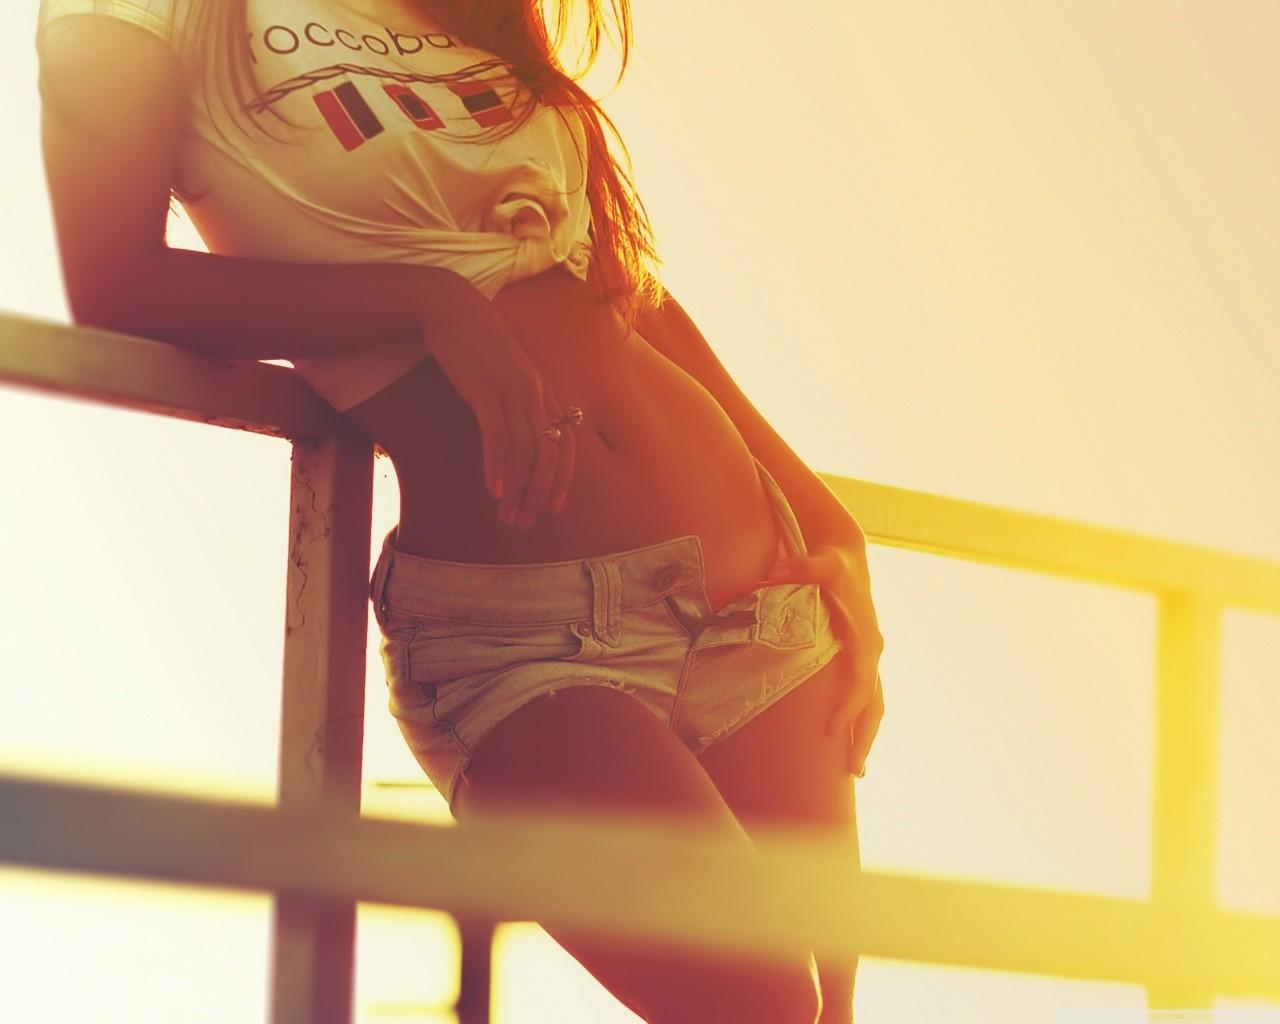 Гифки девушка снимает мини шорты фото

...

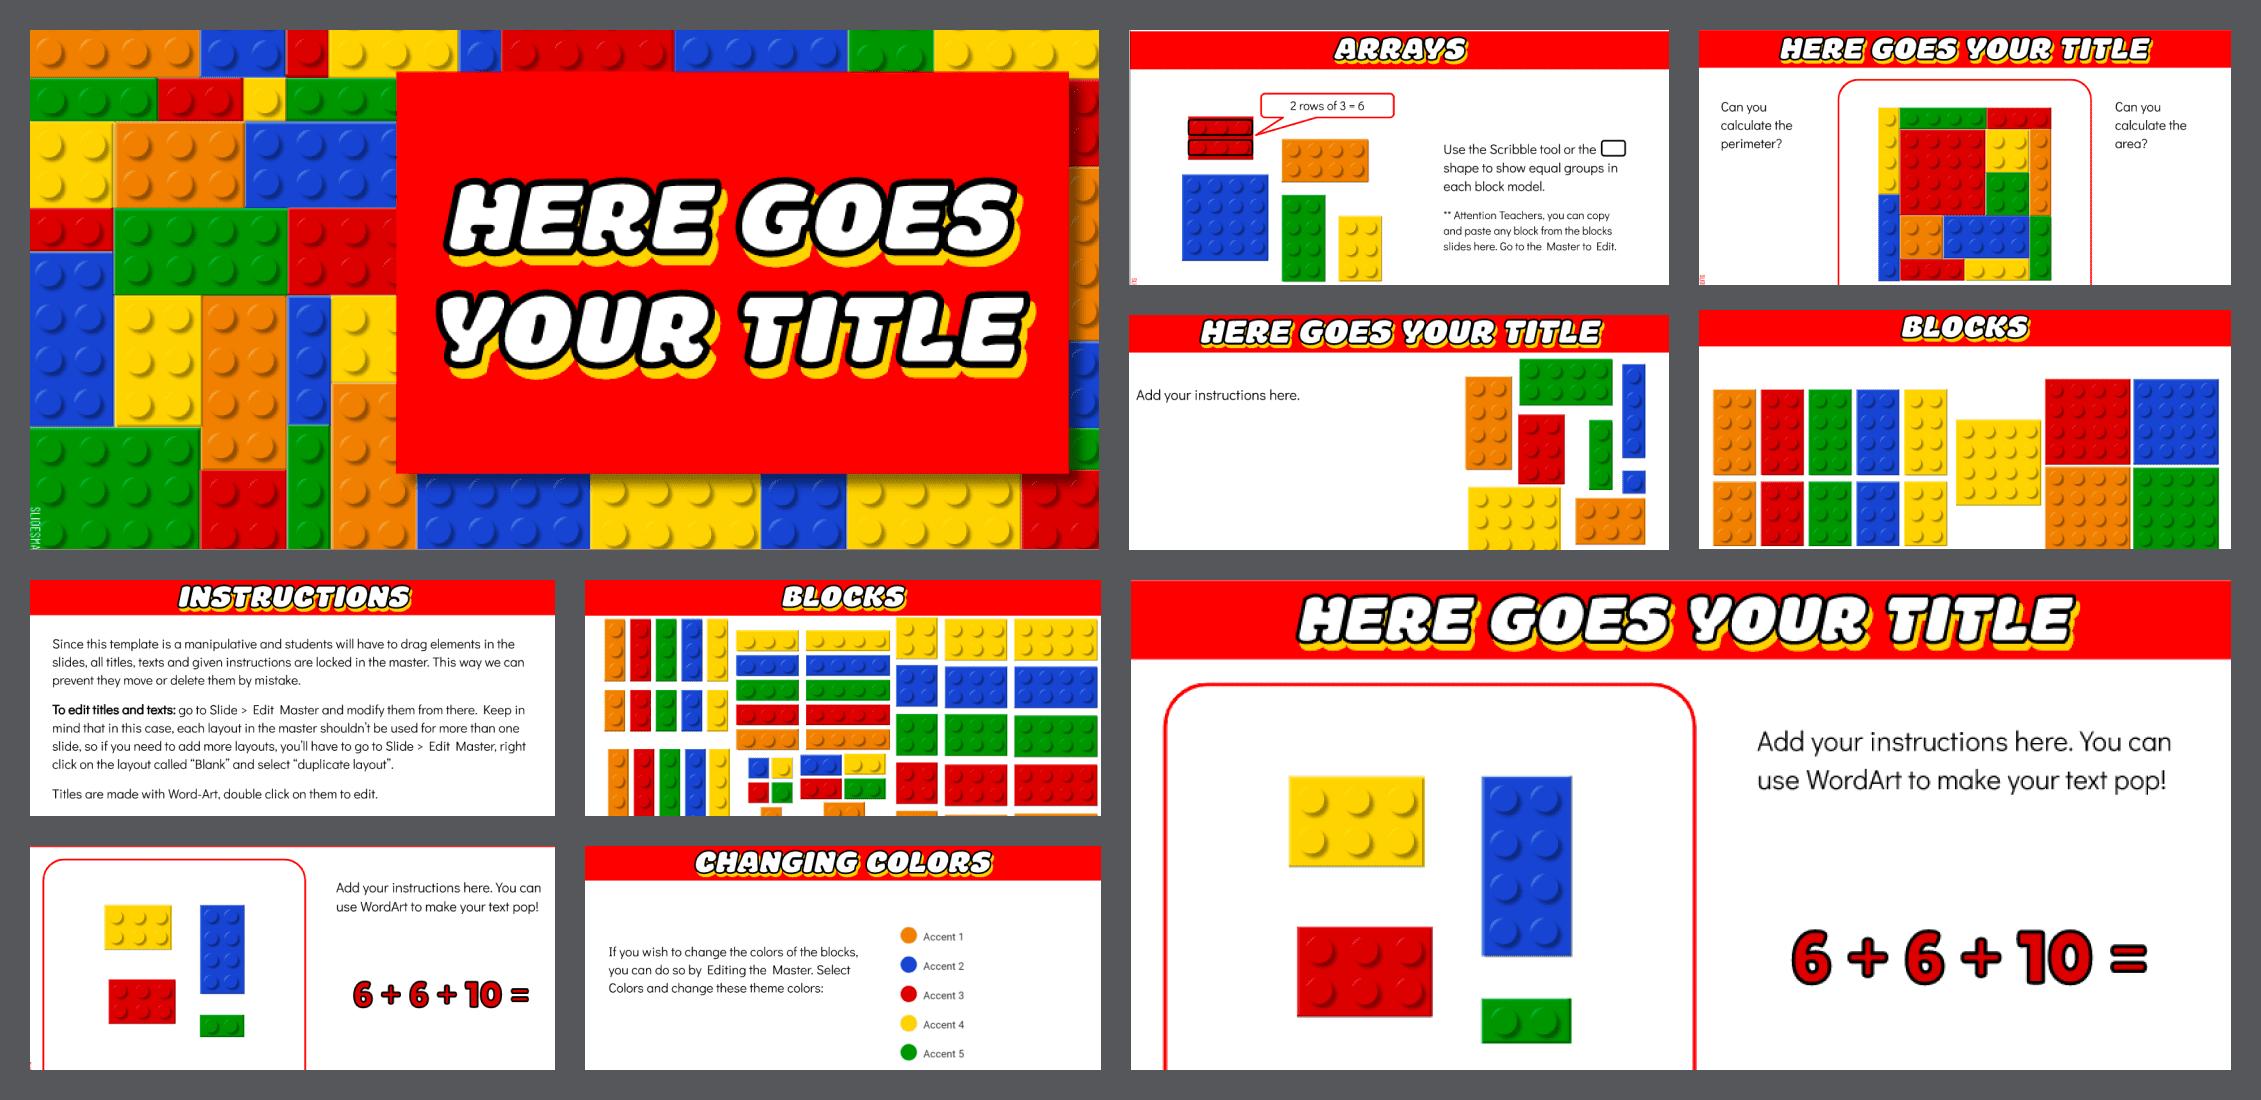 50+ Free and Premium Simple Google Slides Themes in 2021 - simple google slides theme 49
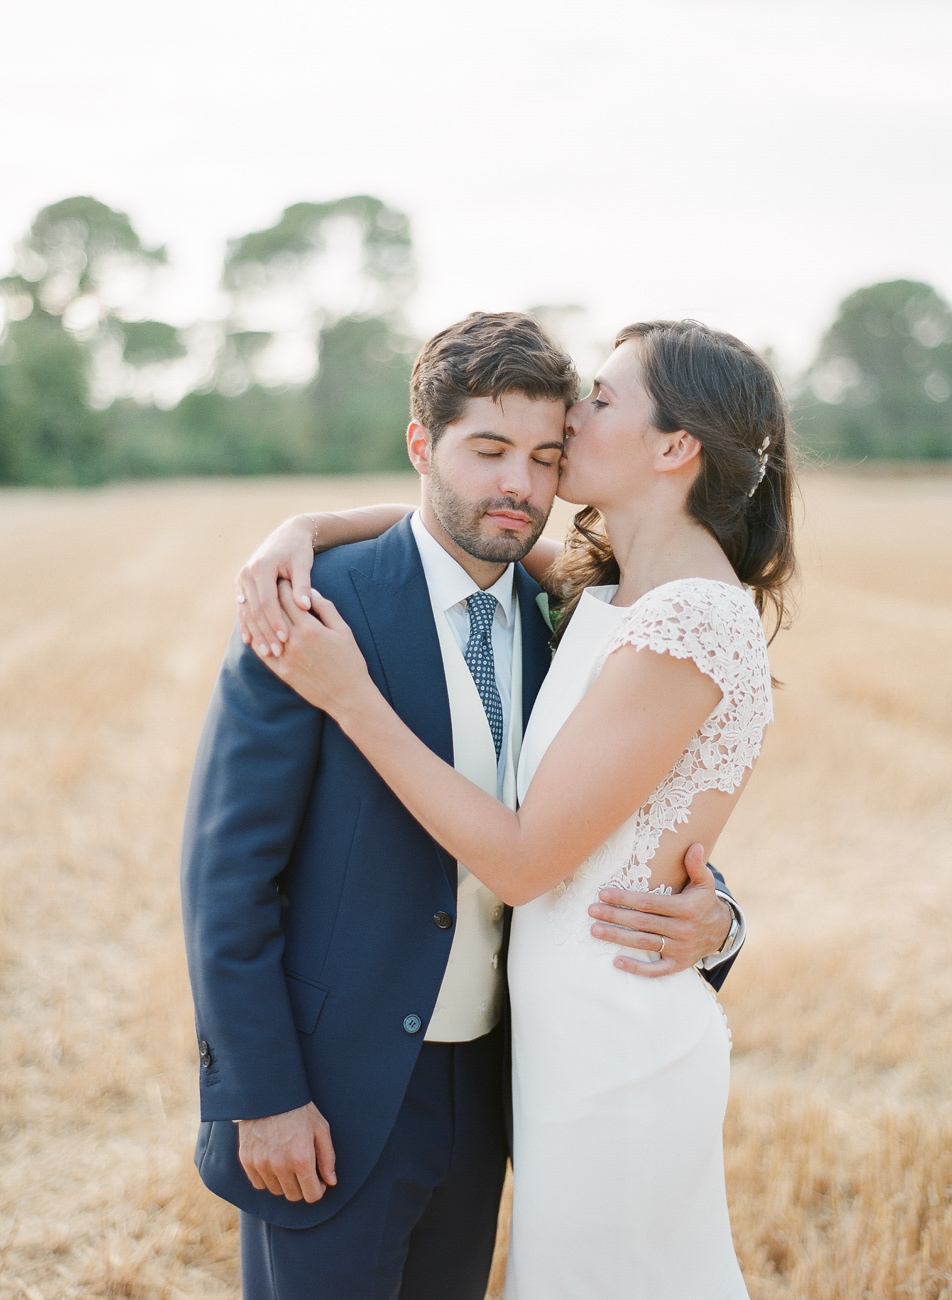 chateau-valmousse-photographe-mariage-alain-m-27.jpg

» **Task description**
From the records above, copy only the lines running from the line holding "50+ Free and" through the line holding "chateau-valmousse-photographe-mariage-alain-m-27.jpg", with no pictures.

» **Response**
 50+ Free and Premium Simple Google Slides Themes in 2021 - simple google slides theme 49
 chateau-valmousse-photographe-mariage-alain-m-27.jpg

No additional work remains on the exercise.